POR JUAN LEÓN 1946 ( Revista Vértice )

En las capeas los españoles dan rienda suelta al torero latente que cada uno lleva dentro de sí. Todos los que intervienen, incluso los que desde el balcón o la grada se limitan a permanecer como meros espectadores, están en las capeas actuando de toreros, siquiera sea con el pensamiento.
Estos tímidos -medrosos- mejor, saben que un simple salto, al que nadie se opone, les pondría delante del toro,y sólo con ésto van imaginando o soñando, mientras otros luchan con él, las faenas que realizarían si se decidieran. Pero no se deciden,y lo dejan para otra vez: para la capea del año siguiente, o para las próxima que habrá de celebrarse en el pueblo vecino. Hasta que, al fín,por muy grande que sea su miedo,un buén día se deciden, porque lo que creen llevar dentro es un torero, y nadie se conforma en llegar a viejo sín poder contar una hazaña taurina.
Él porqué no explicado, de esta atracción insobornable que el toro ejerce sobre el hombre español, pese al peligro que entraña,ha merecido que muy buenas plumas divaguen sobre el tema:pero acaso ninguna rasgó tán precisamente el velo misterioso sobre la quién dijo qué la esencia está en la contemplación que el hombre hace de su propia lucha con el mundo exterior, representado entonces por el toro.
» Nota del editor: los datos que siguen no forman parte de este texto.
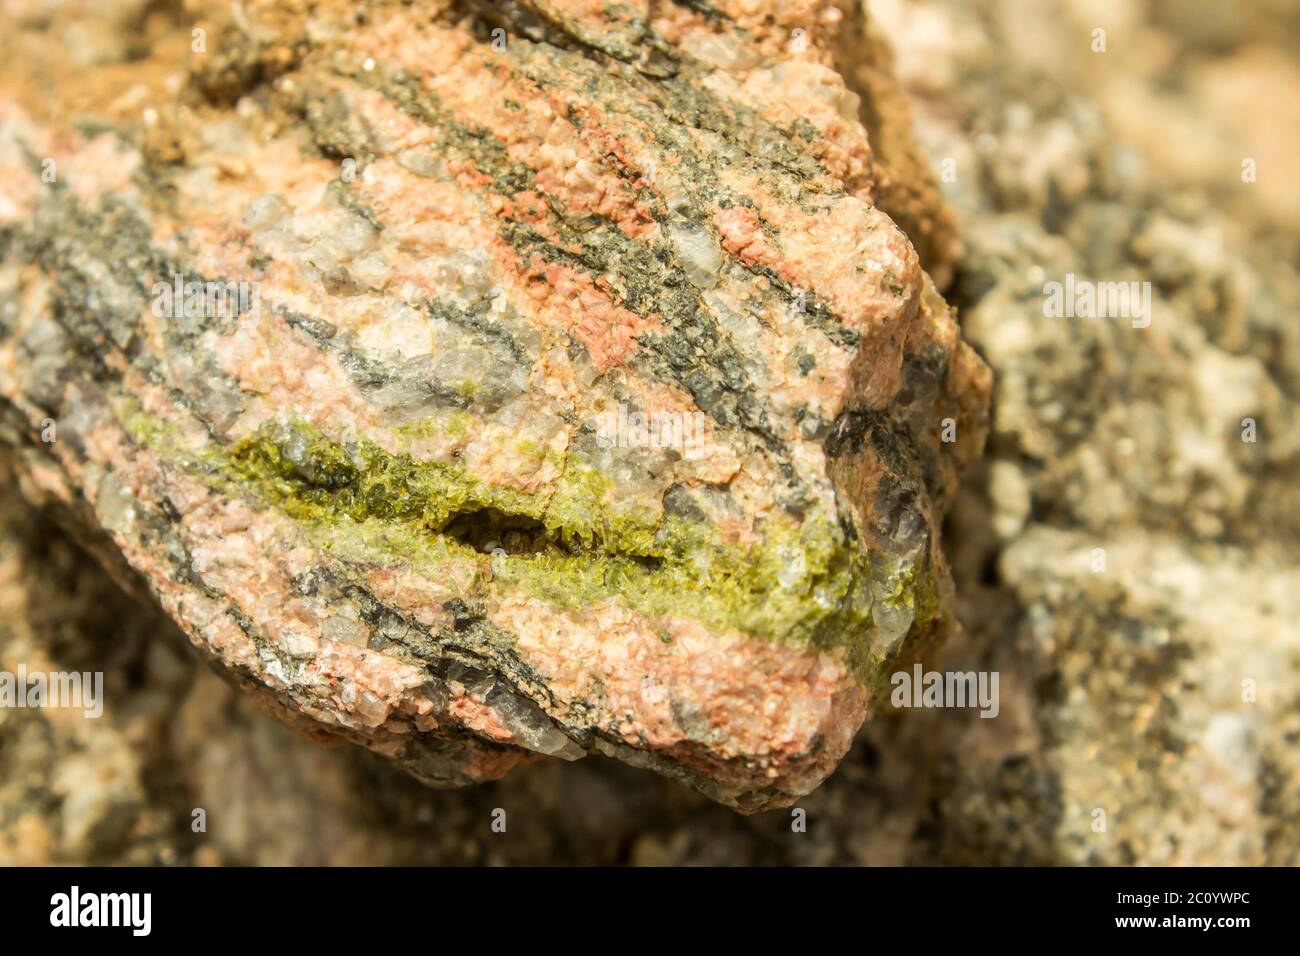 Epidote crystals growing in a crack in weathered boulder of Augen gneiss Stock Photo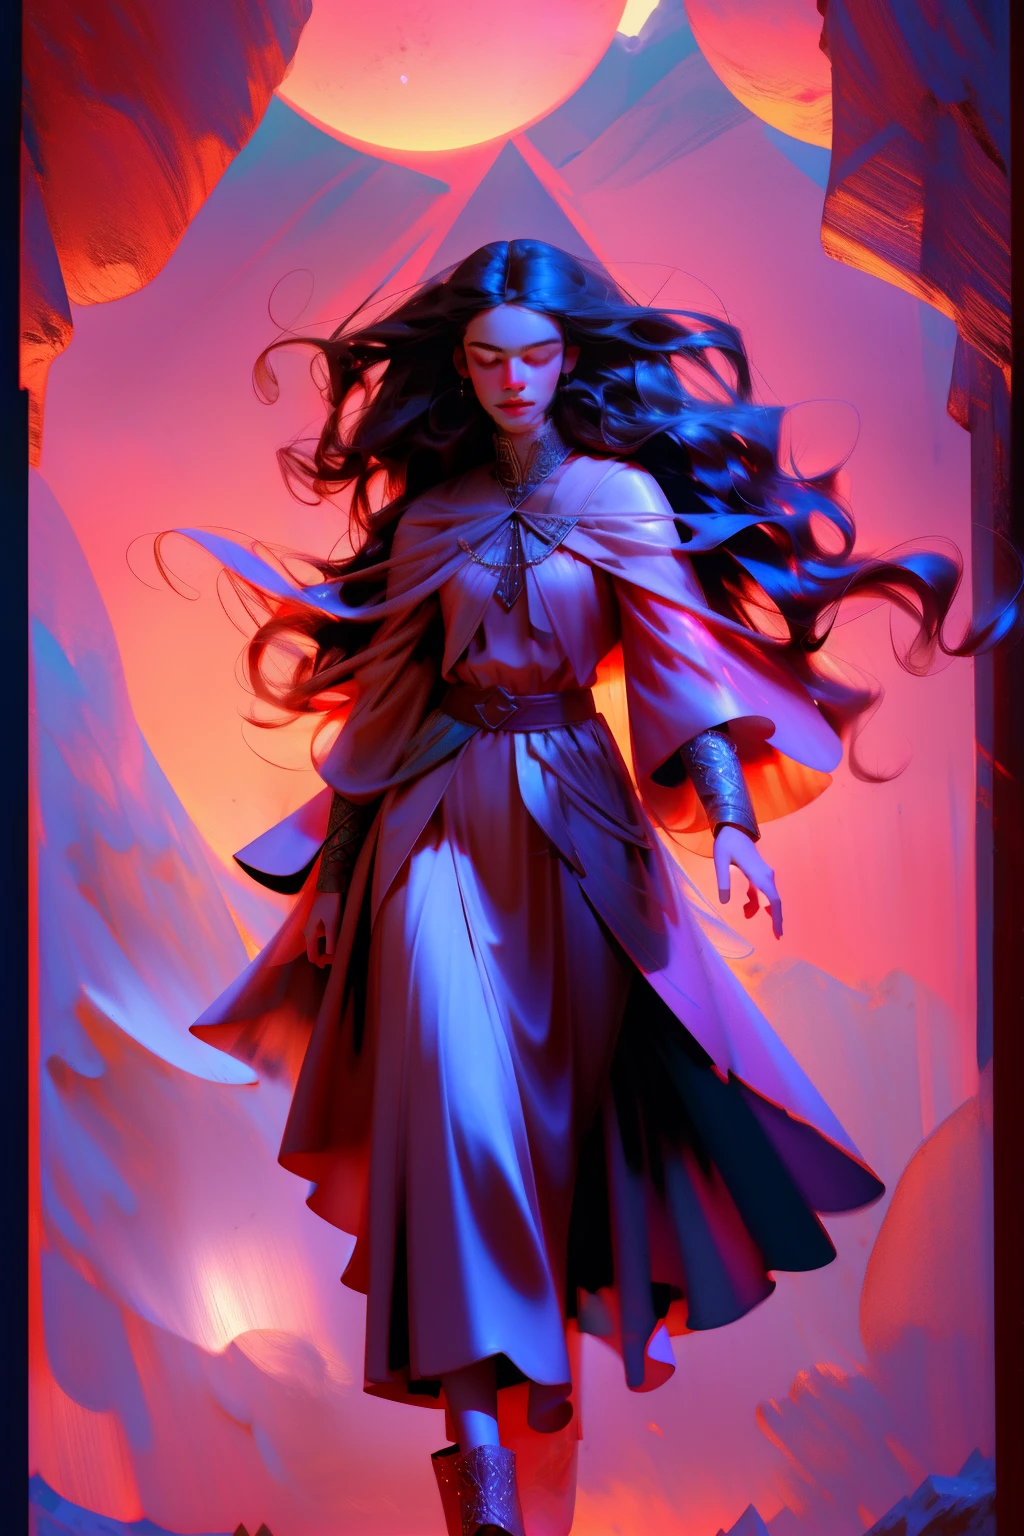 (best quality,4k,8k,highres,masterpiece:1.2),ultra-detailed,(realistic,photorealistic,photo-realistic:1.37),long black hair,flowing,levitating,beautiful detailed hair,witch,rpg style,magical,powerful,illustration,moonlight,spells,cloak,enchanted forest,mystical creatures,glowing eyes,nightfall,moonlit sky,aura,floating crystals,jewel-toned colors,mysterious atmosphere,fantastical elements,storytelling composition,epic fantasy journey,sorcery,adventure,heroine,portrait,character-focused,elaborate costume,mythical,legendary,ancient,ancestral magic,supernatural abilities,dark,ethereal,dramatic lighting,vibrant colors, warm colors

Burlar el peligro, la muerte;dominar los elementos hasta someterlos a su voluntad.Después hacer esto mejor que los demás, sobresalir, atraer sobre sí todas las miradas..He aquí las complejas subconsciencias que empujan al hombre español ante el toro.
Cuando el primer toro-vaca muchas veces-sale a la luz cegadora de la plaza, improvisada con carros y portones, una multitud de mozos impaciente parece dispuesta a descolgarse a la arena.Estrofas de cién romances se rumian en los pechos y explotan en incitaciones "Ya está el torillo en la plaza", "llámale, llámale bravo al toro".
En tropel, convirtiendo en capote la blusa o cualquier otra prenda invaden el ruedo citando al toro que arremete feroz.Rara vez sin embargo muere uno de estos toros sin haber atrapado antes a una o varias víctimas a las que revuelca, sañudamente. El mozo, enganchado por la faja,y arrojado al suelo, se debate bajo las pezuñas de la bestia fingiendo una muerte que el miedo hace que le parezca auténtica, sin que se sepa por qué suerte de milagro la tragedia absoluta no suele llegar.Cuando llega, un pavoroso silencio cerca el anillo irregular de la plazuela.A los mozos se le s cambia el miedo en emoción. Se sienten más resueltos y truecan el juego por la lucha.
Los incidentes -y las tragedias, cuando las hay de una capea se comentan justamente poco menos de un año, todo lo que tarda en organizarse el programa de festejos del siguiente, en el que ha de figurar invariablemente una capea.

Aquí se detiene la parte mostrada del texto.